There’s something really satisfying about a good PE lesson - this, I have to say, from a non-specialist who’s more “non” than most. As a primary teacher, I had to teach my share of PE, and later, as a head, I tried not to shirk the lesson if it was on the timetable for a class I was covering.

(The children tend to make sure you live up to your responsibilities.) So often, at the end, you walked back to class with a good feeling, children chattering around you, vying for your attention and replaying some of the good moments. Why was I able to do it? Because I did my teacher training in an age when all would-be primary staff had at least an hour a week of basic PE (and music, and drama) .

Then later, when I became an external examiner, observing students on their school experience, I often noticed the same thing: that there were times when, even for a relatively dodgy student, a PE lesson really seemed to click, and we all - pupils, student teacher and examiner - came away smiling.

“Now, think about it,” I’d say to the student. “Don’t just congratulate yourself on having taught a good lesson. Ask yourself exactly what it was that made it go well, and then see if there are things you can learn and apply to other areas of your teaching.”

So what was it that made the difference? Much of it has to do with clarity.

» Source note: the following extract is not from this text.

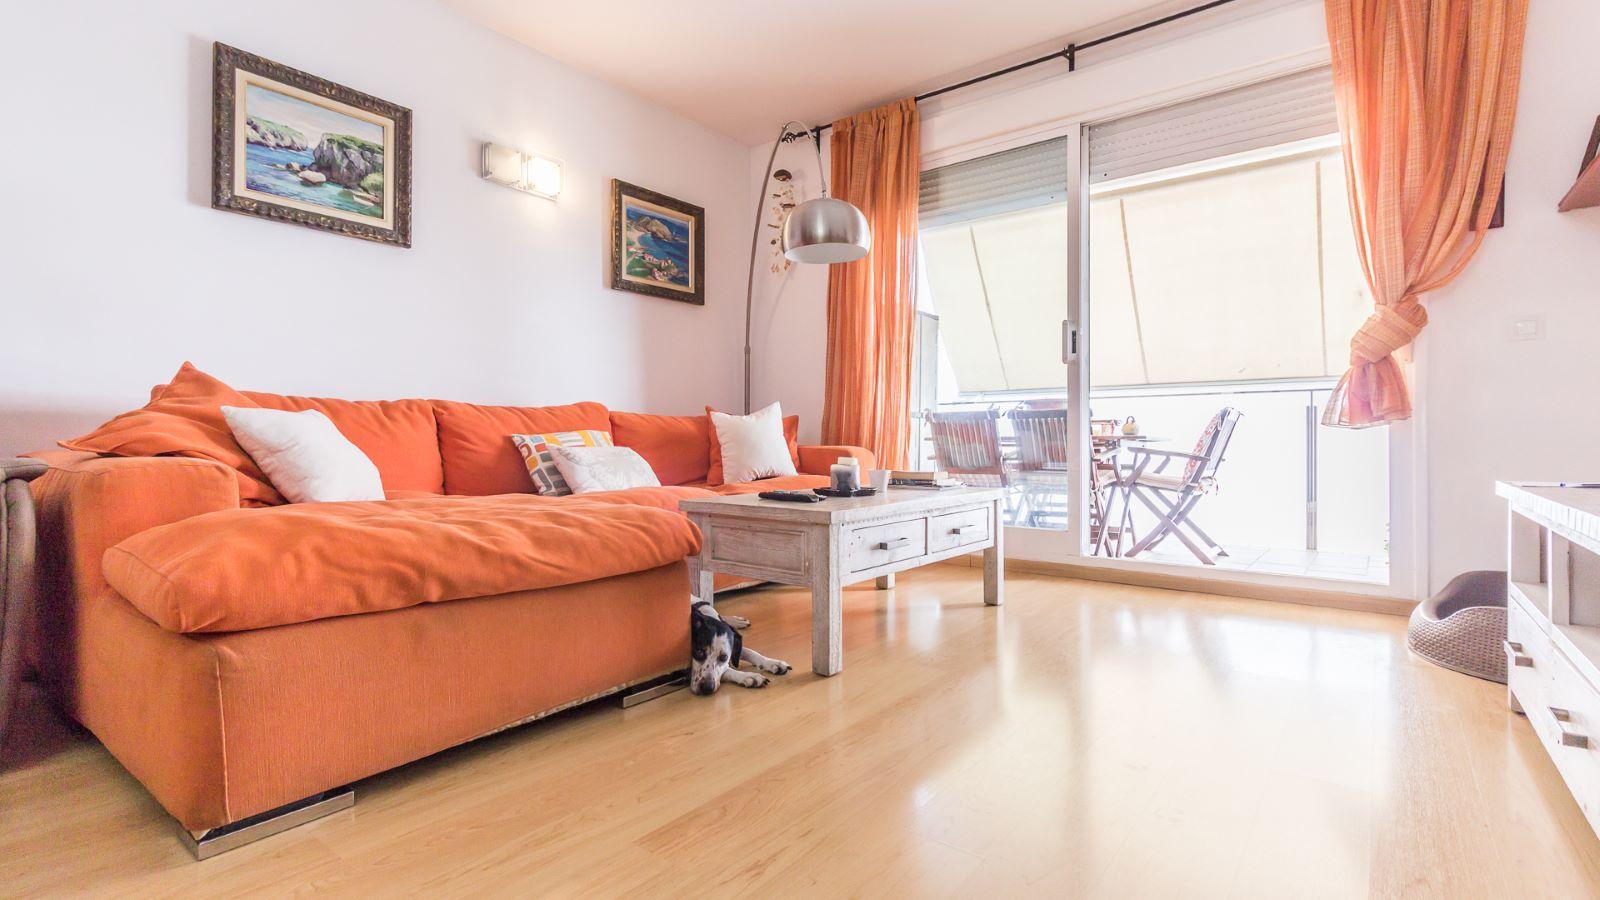 Flat in Zona Vives Llull Ref: HM2359 2
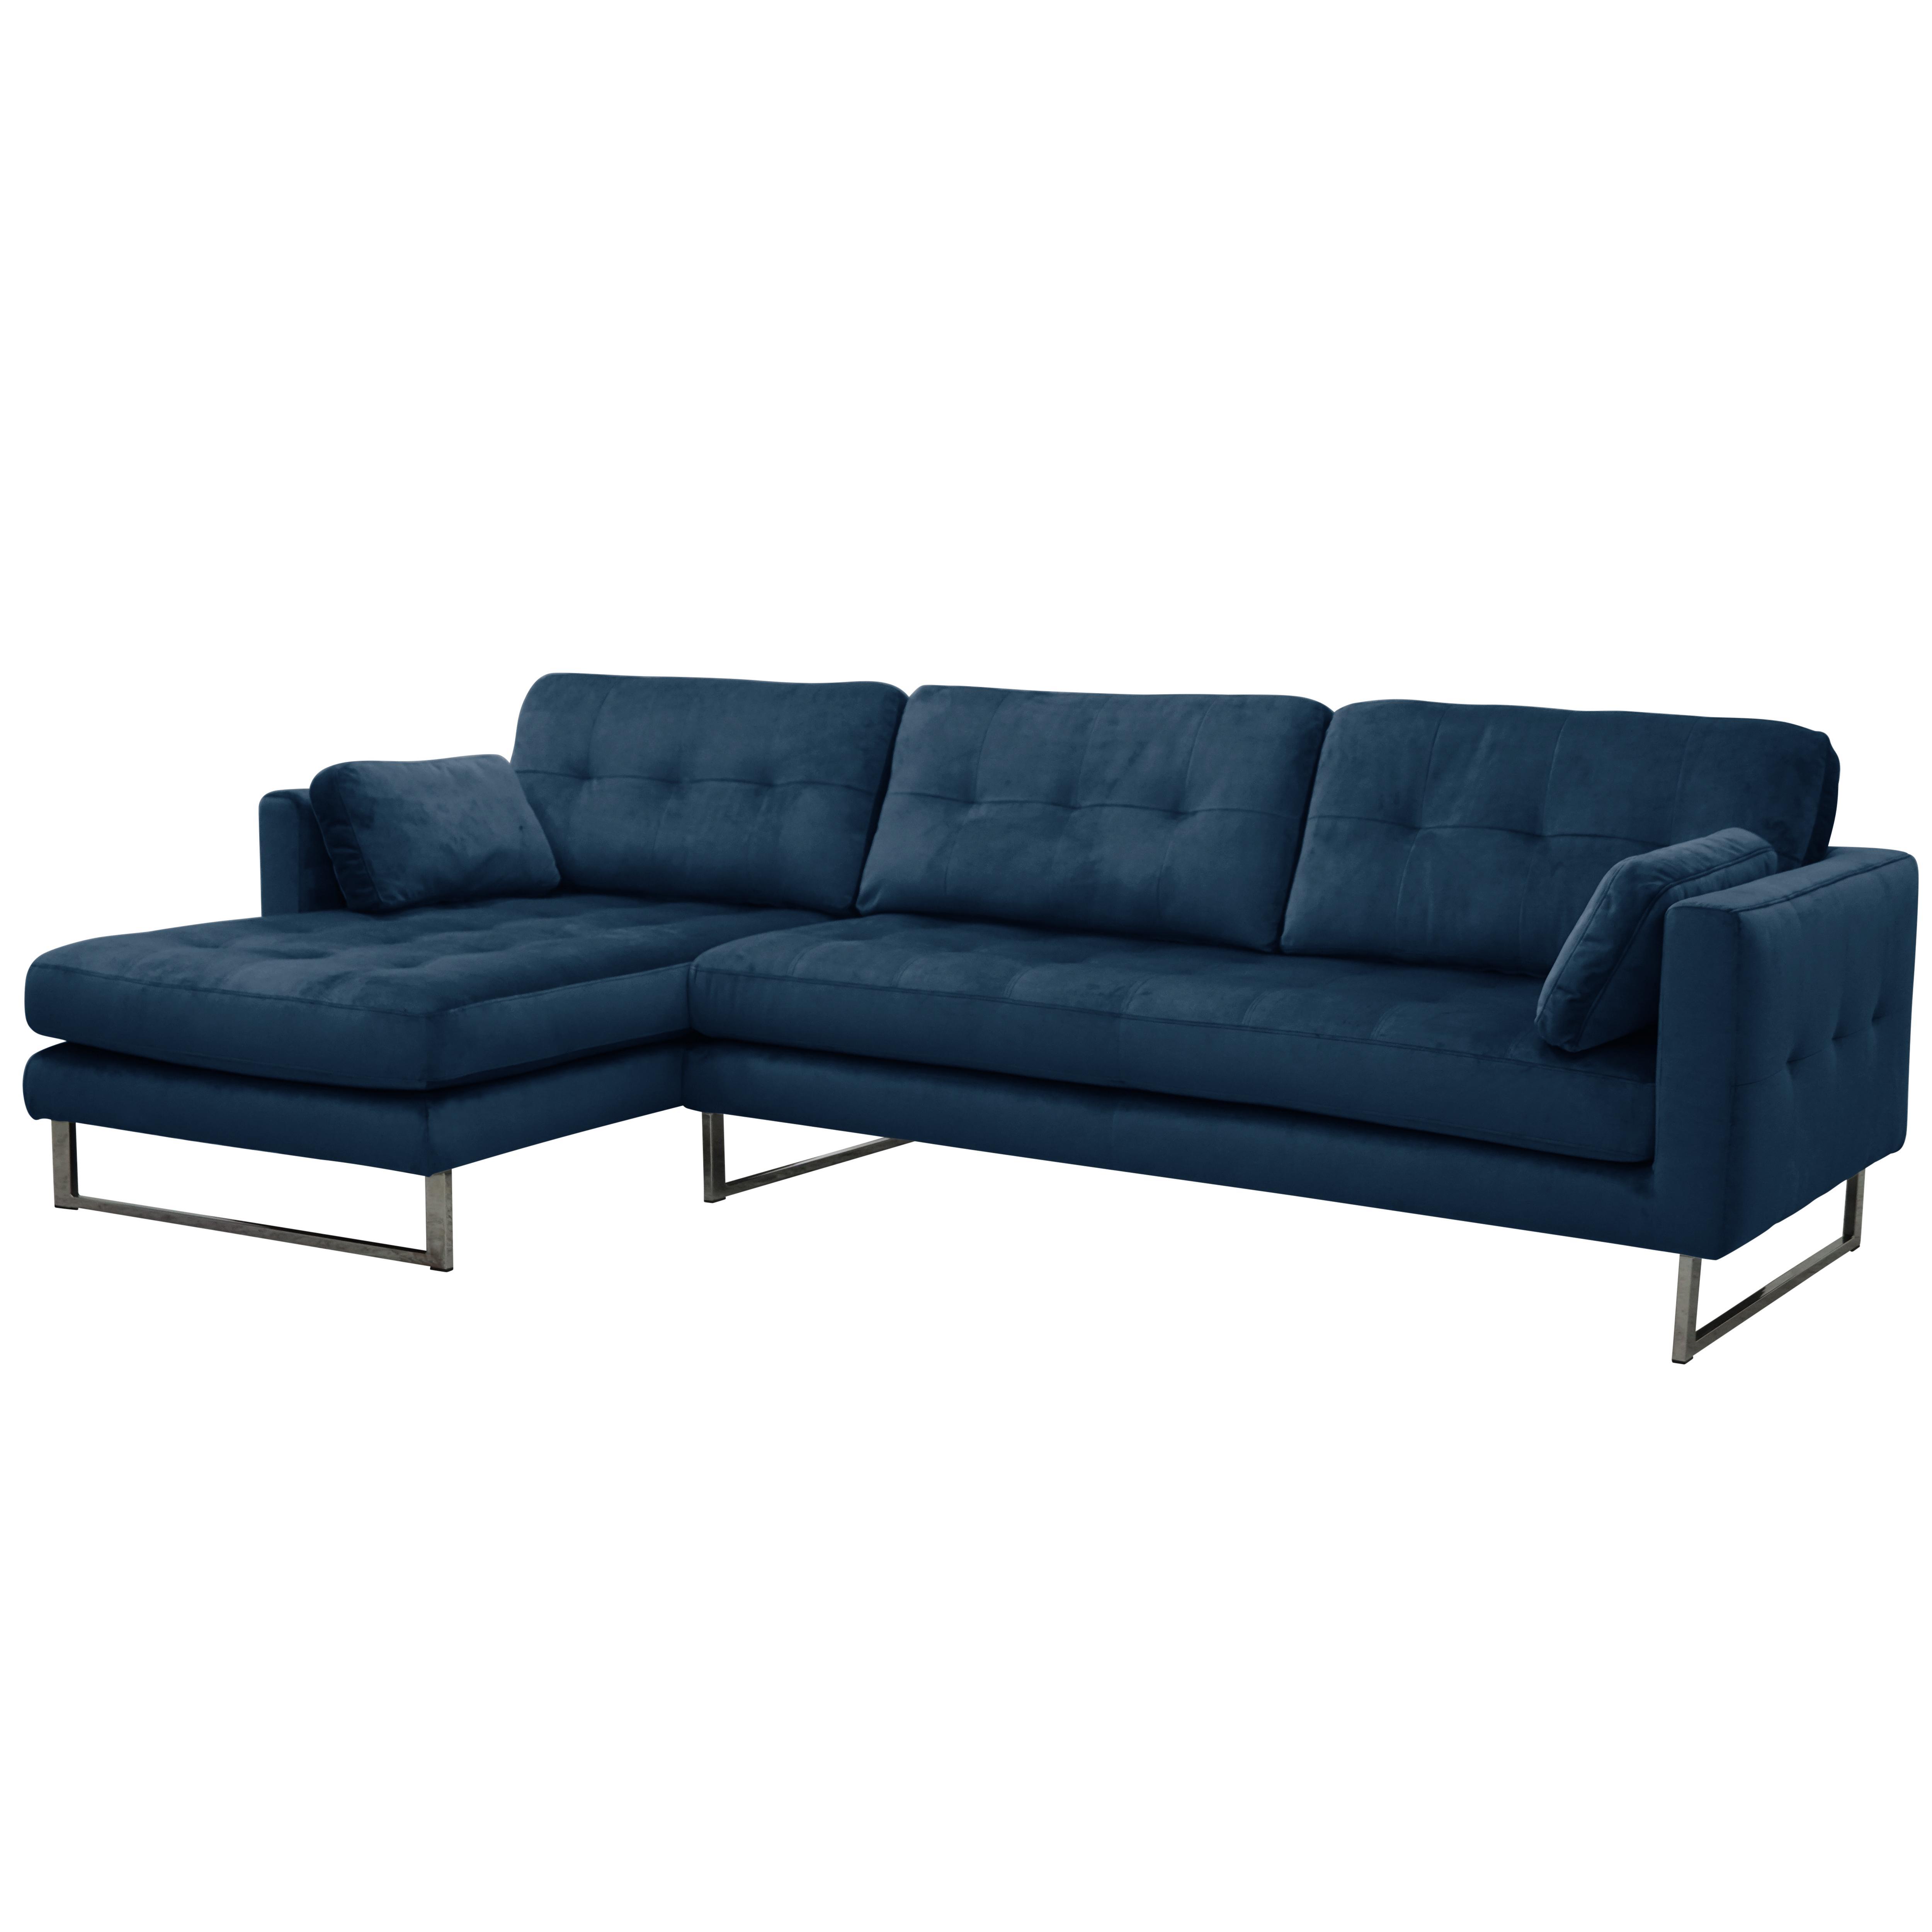 Paris II left hand facing four seater chaise sofa alba velvet blue

PE lessons will only work if the children are pretty sure what they have to do, and how they’re going to do it. That’s true in other lessons, of course, but in PE not only is it visibly necessary to set out clear instructions, because the children are bouncing up and down in front of you waiting for them, but, as Clive Taylor, a former primary head who was a PE specialist, points out: “If you ask them to do something beyond their capabilities, it’s obvious fairly quickly, and you do the adjustment - whereas in maths, or English, we’re continually asking children to do things they’re not ready for, but an inexperienced teacher may well let them struggle on too long.”

It’s that visibility - the real-time feedback on who’s succeeding, who’s trying, who’s having problems - which means that you can dodge about continually giving praise, encouragement, or correction.

“Well done, Jack.”

“Good body position, Chris.”

“OK, Fiona. Leave that and try the other activities.”

It all gives a good PE lesson real rhythmic life, moving purposefully along, with a beginning, a middle and a warm down at the end. That, too, isn’t as easy to achieve in the classroom. Because it works so well in PE, it ought to be a signal that it’s well worth studying.

Through all of this, though, it’s important to remember - and Clive Taylor reminds me very forcefully of this - that any of it only works when the PE lesson is a good one.

“If it’s a bad lesson - if the teacher’s just regarding it as a break in the day - then the same clarity means that all the mistakes are there for anyone passing to see. I’ve never understood why anyone would lay themselves open to that.”